Julington-Creek-Newborn-Session

For today’s Monday Musings, I am puling inspiration from my own body of work.

For a little over a year I decided to let go of newborn work so that I could accomplish two things.

The first was to focus more on my family work and second, was to renew my zest for photographing new life.

I fell victim to thinking I could do it all, and be somewhat good at it all.  But the reality was that I wasn’t fulfilling what I wanted to achieve for myself and there were areas of my work that suffered because of that. A little selfish maybe. But I could tell there was a true bottleneck to my creativity and that was my work as it stood with newborns. As much as I adored the curled up babies in baskets, bows, backdrops, chin on hand pose..etc..and could quite definitely pull it off in a safe way of course. I just felt it wasn’t my calling. I was creating for my clients because I felt like that is what they wanted to see. But the longing for creating imagery that truly spoke to the soul and could stand the test of time is something I was after. I thought about what I stand for in my business values and how I would only produce those things that I would want for myself [insert more selfish here]. My home is filled with black and white images, detailed shots of of my kids and their favorite things, and a few traditional styled family photos but not very much “posed studio styled” portraits. And when I say studio styled I just mean shots where I have set up backdrops or faux flooring and things of that nature. I’m not in a place where I truly love those images and maybe things will change later on. But I value more expressions, connections and the raw nature in an image. So I took time off to practice my craft and work with families who understood my new vision. I stripped down my newborn sessions and instead opted to use the home as a background and the parents and siblings as props.
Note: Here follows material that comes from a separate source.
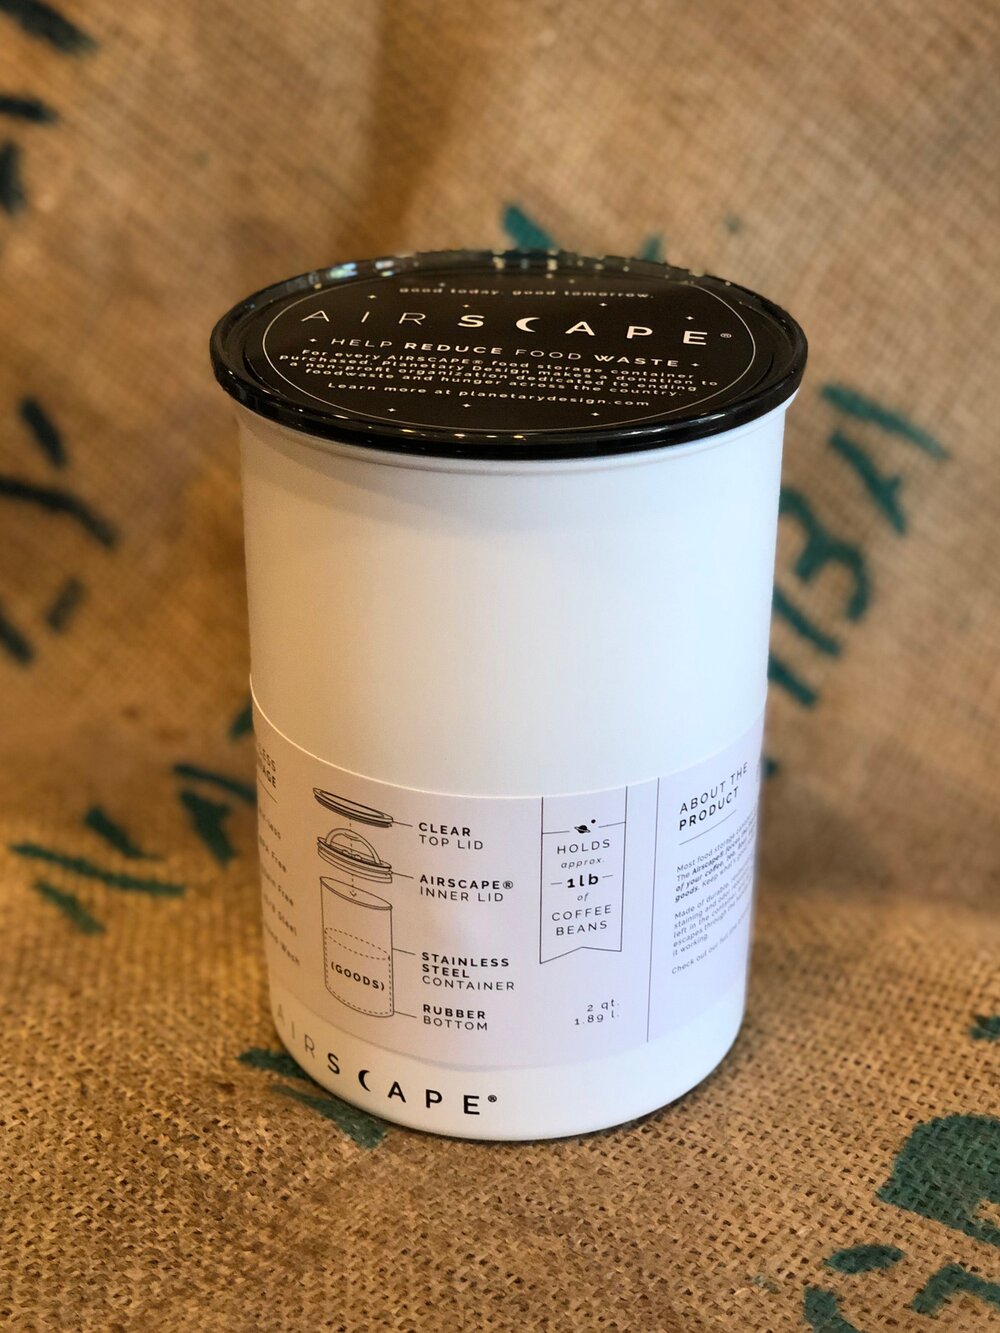 Planetary Designs Airscape Kilo - 1 Kg Coffee Bean Canister - Matte Black
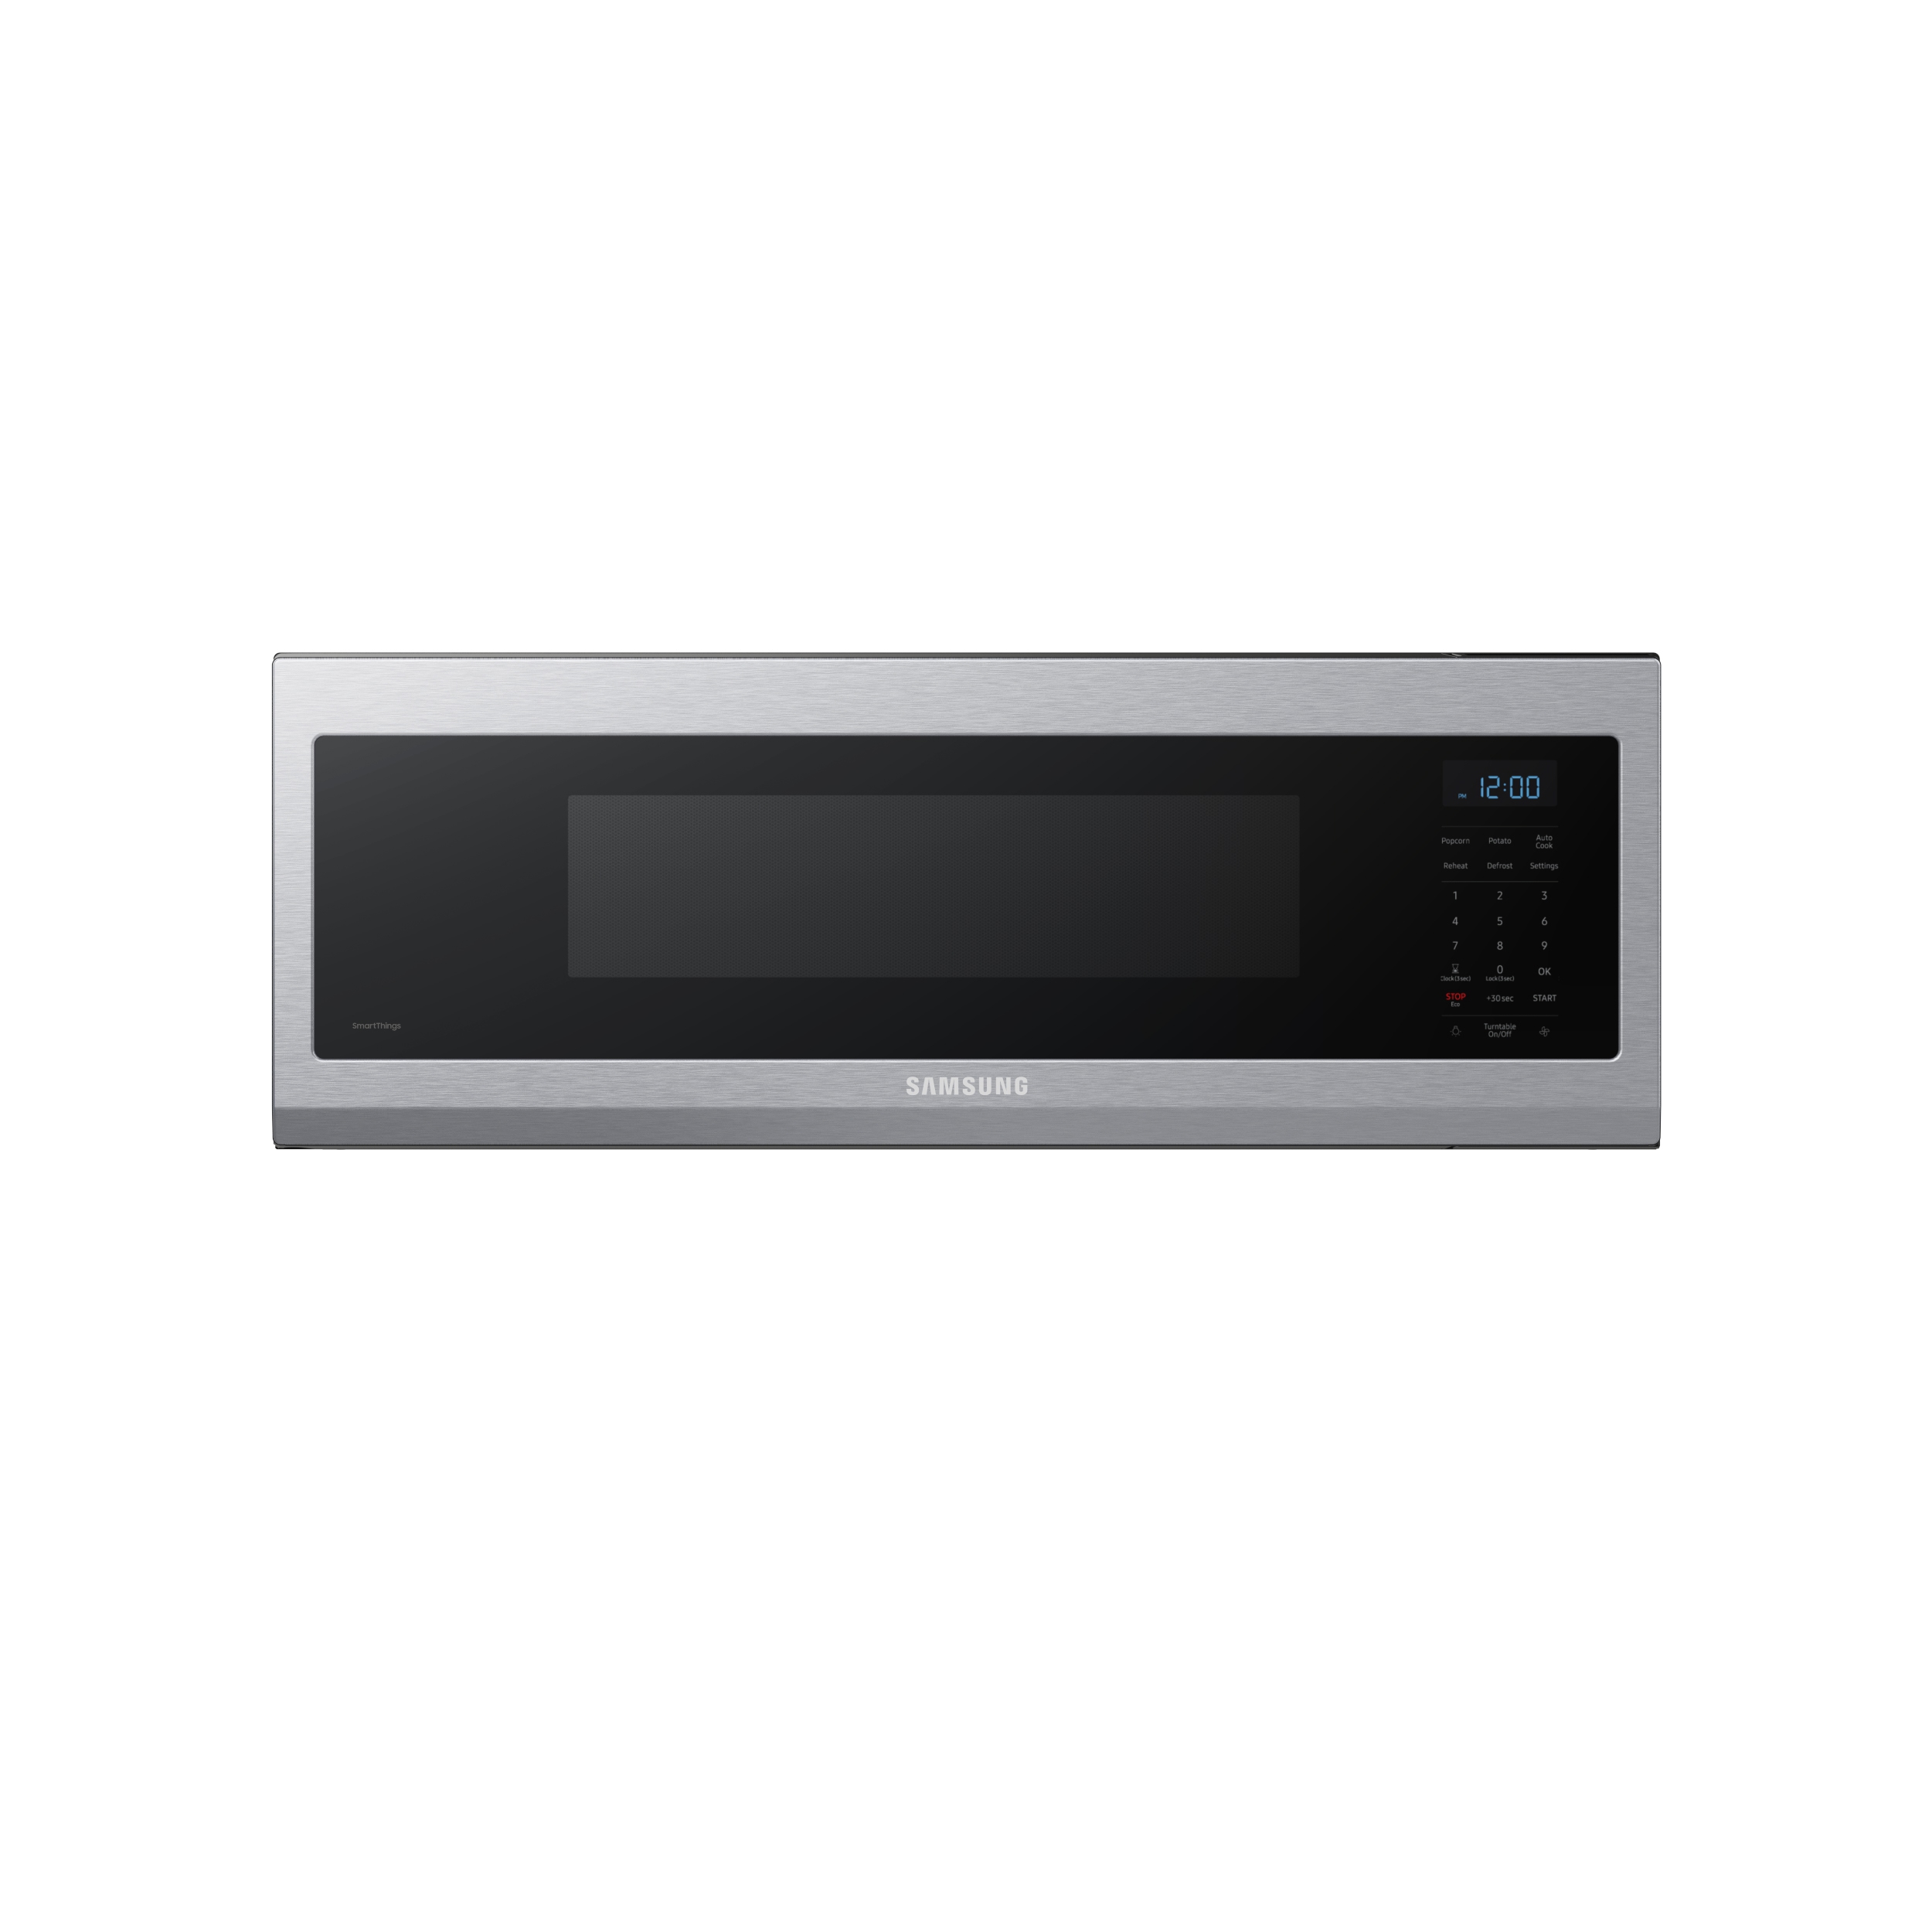 https://image-us.samsung.com/SamsungUS/home/home-appliances/microwaves/pdp/me11a7510ds-aa/gallery/360/ME11A7510DS-01.jpg?$product-details-jpg$

This by far has been the most groundbreaking but also scary for me as an artist and a business person. The fear of loosing families who aren’t particular to lifestyle photography and prefer more posed newborn work. Of which I feel like I still can apply some of the same concepts I used before so it’s not a total loss. However, there are just some amazingly talented newborn photographers out there who do specialize in that style that I would happily recommend instead. Even if that means having to say no to a few families.

The more that I can create that is real and can withstand the test of time as a true art piece. The more value there is for the both the client and I. This my friends, is my heart on my sleeve and everything I stand for in my work and I promise to hold my self accountable of creating more of it.